> **What the task asks**: Retype the lines below exactly, from the one that contains "Roasted Tomatoes on a lined baking sheet." through the last, and leave every picture out.

*-*-*

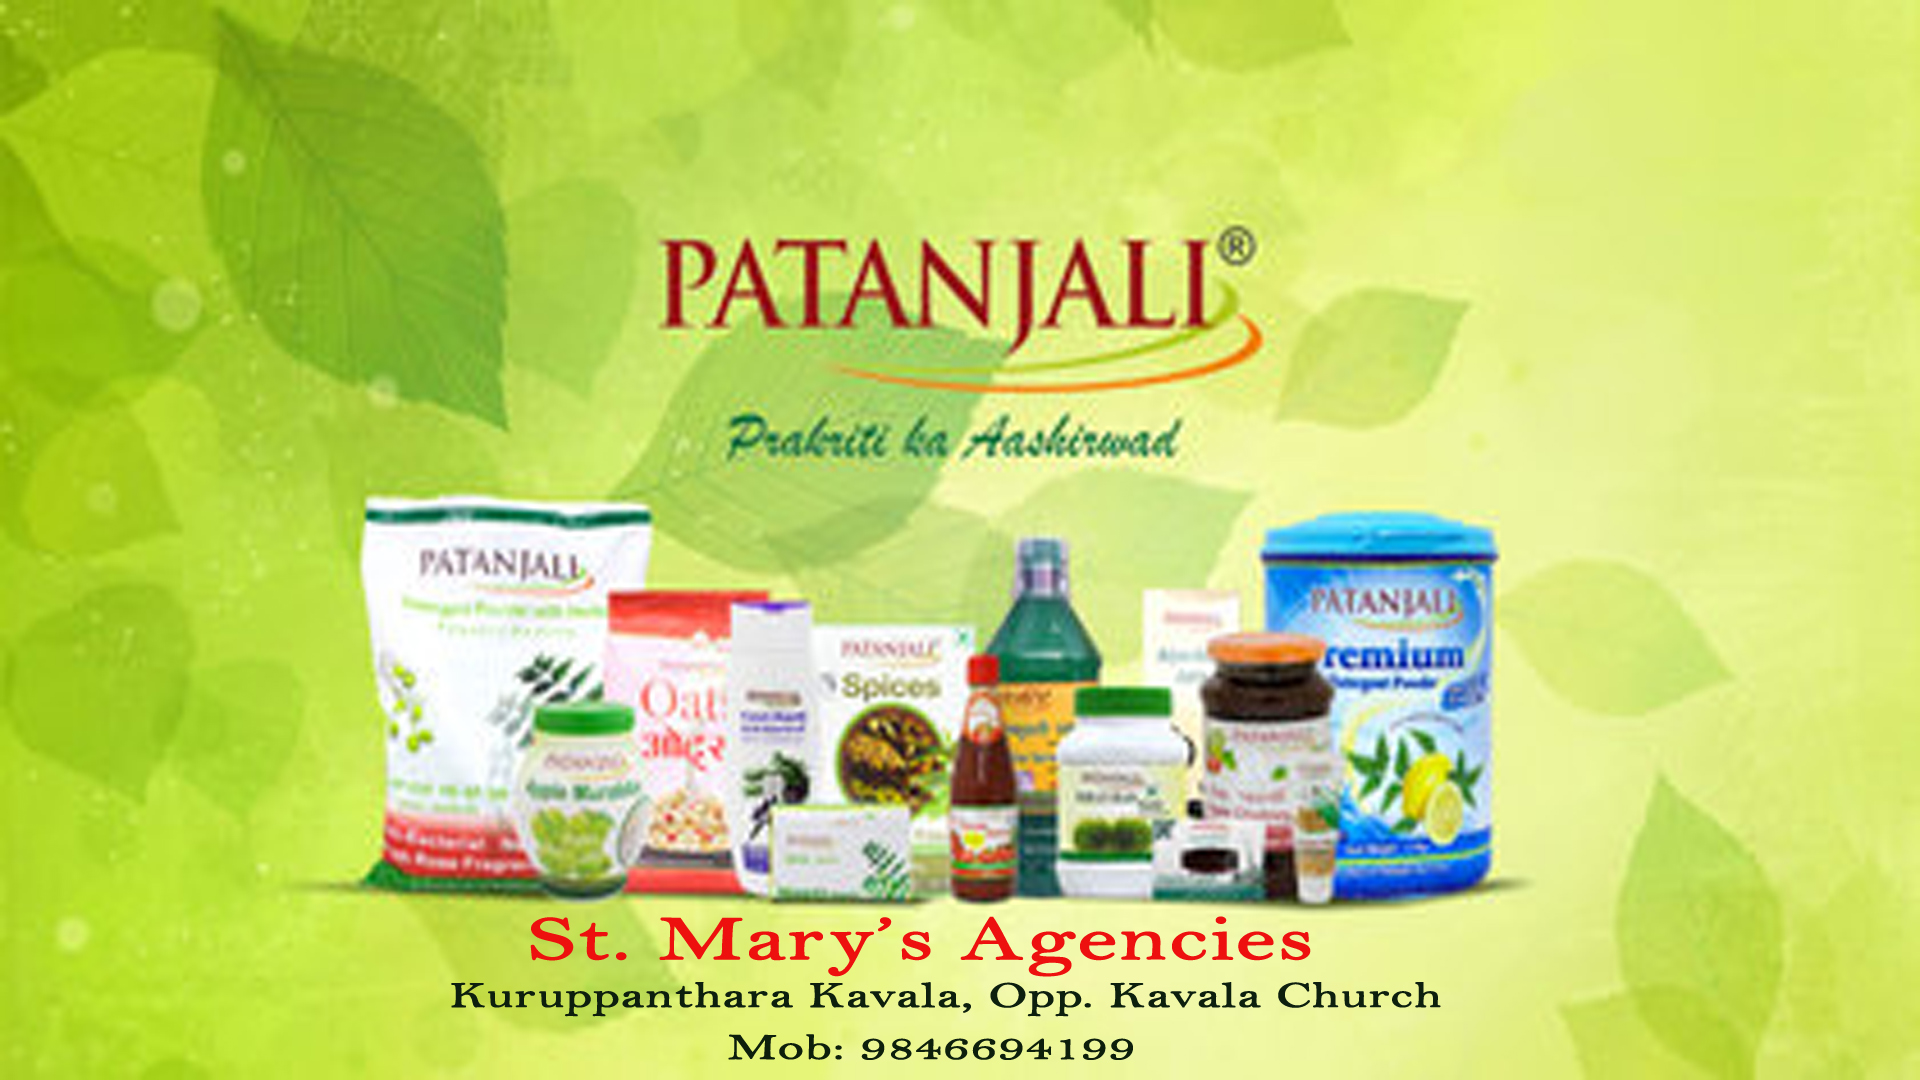 Saint Mary's Agencies - Patanjali Ayurved , HD Wallpaper & Backgrounds
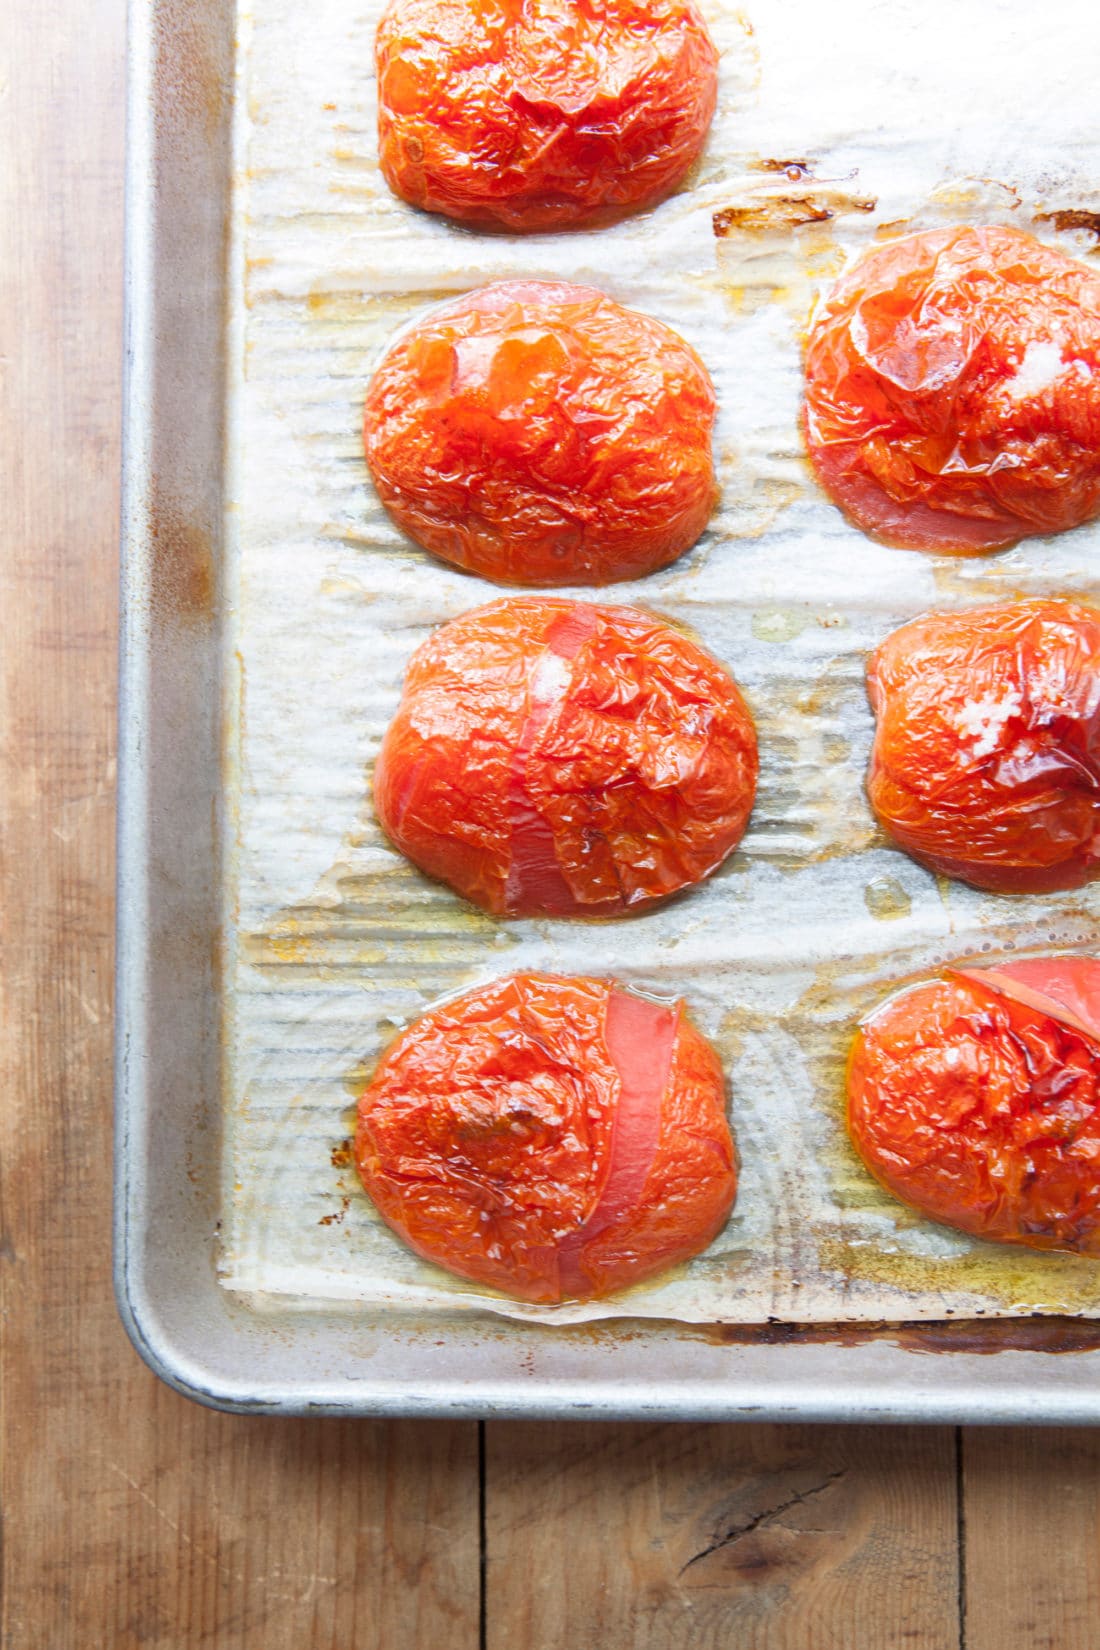 Roasted Tomatoes on a lined baking sheet.
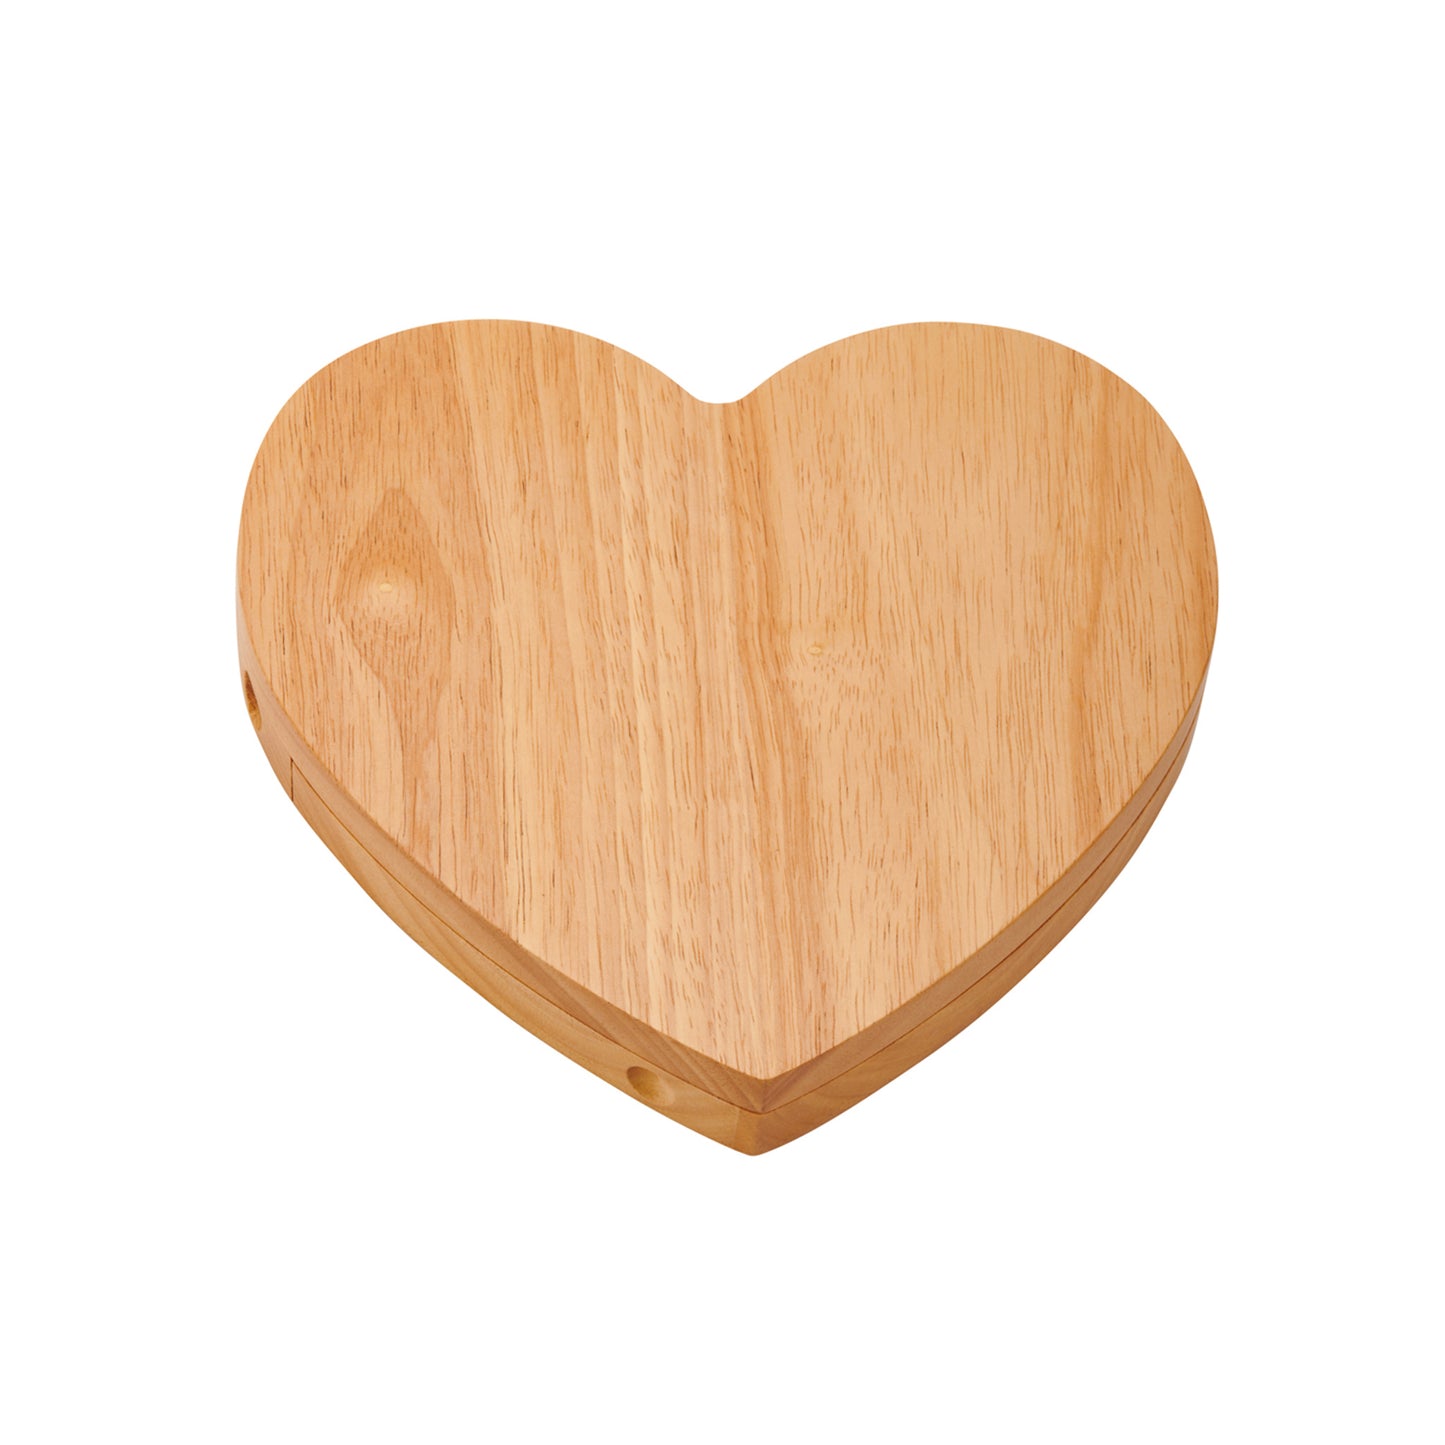 Wood Heart Cheese Set With 3 Wood Handled Utensils
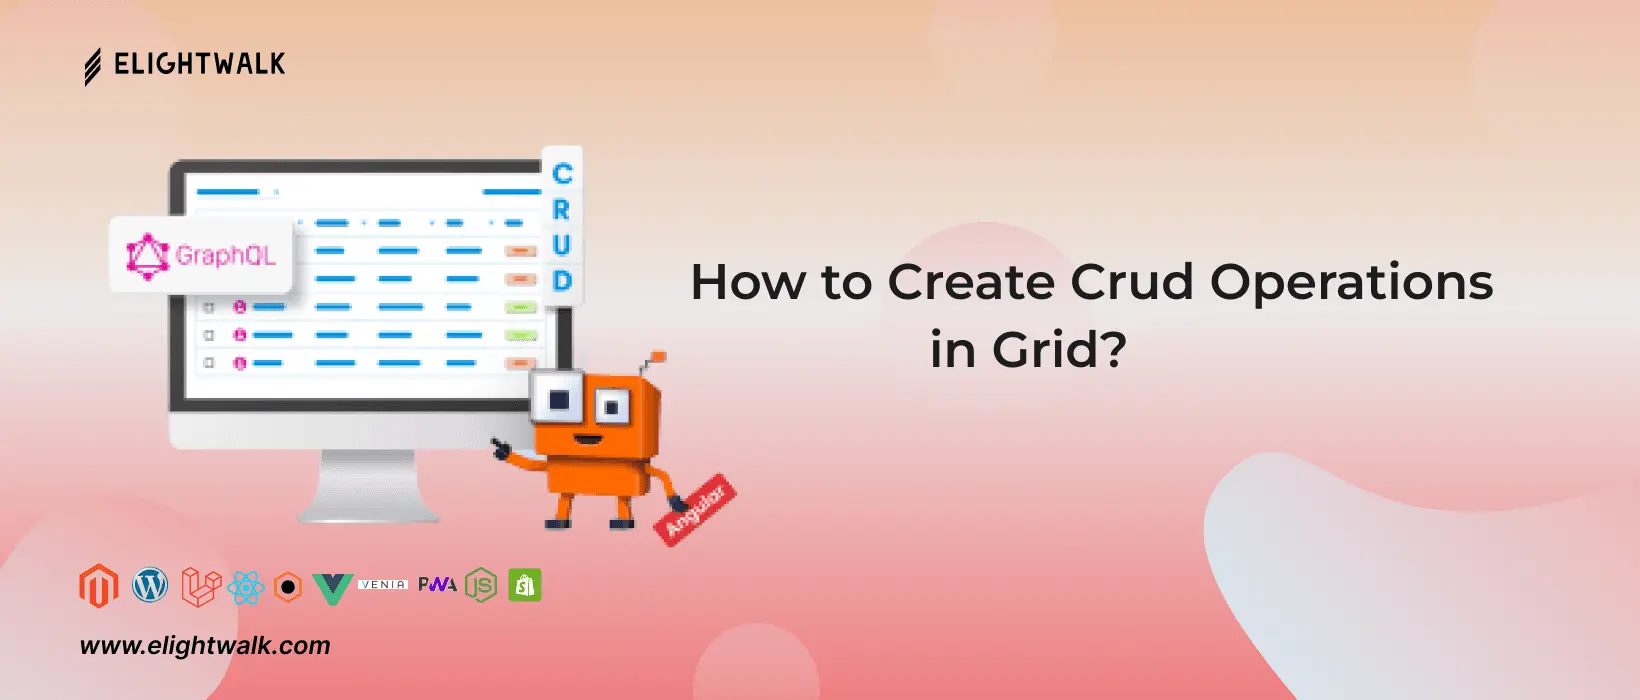 How to Create Crud Operations in Grid?
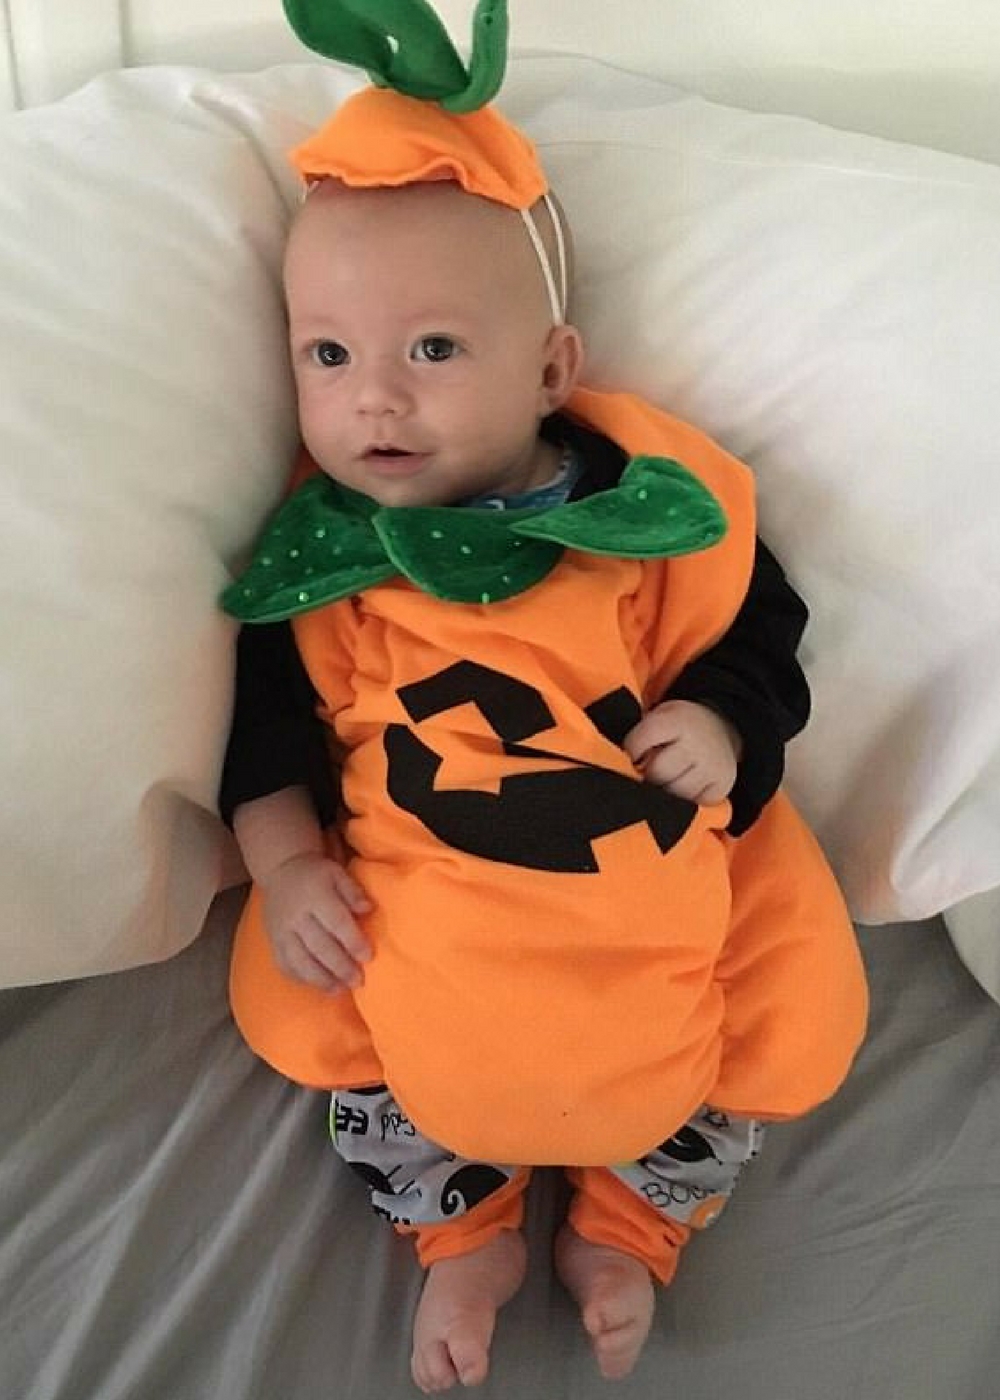 Mum shares genius Halloween costume hack for her son | That's Life ...

*-*-*

> **Output below**:
 Roasted Tomatoes on a lined baking sheet.
 Wood Heart Cheese Set With 3 Wood Handled Utensils
 How to Create Crud Operations in Grid?
 Mum shares genius Halloween costume hack for her son | That's Life ...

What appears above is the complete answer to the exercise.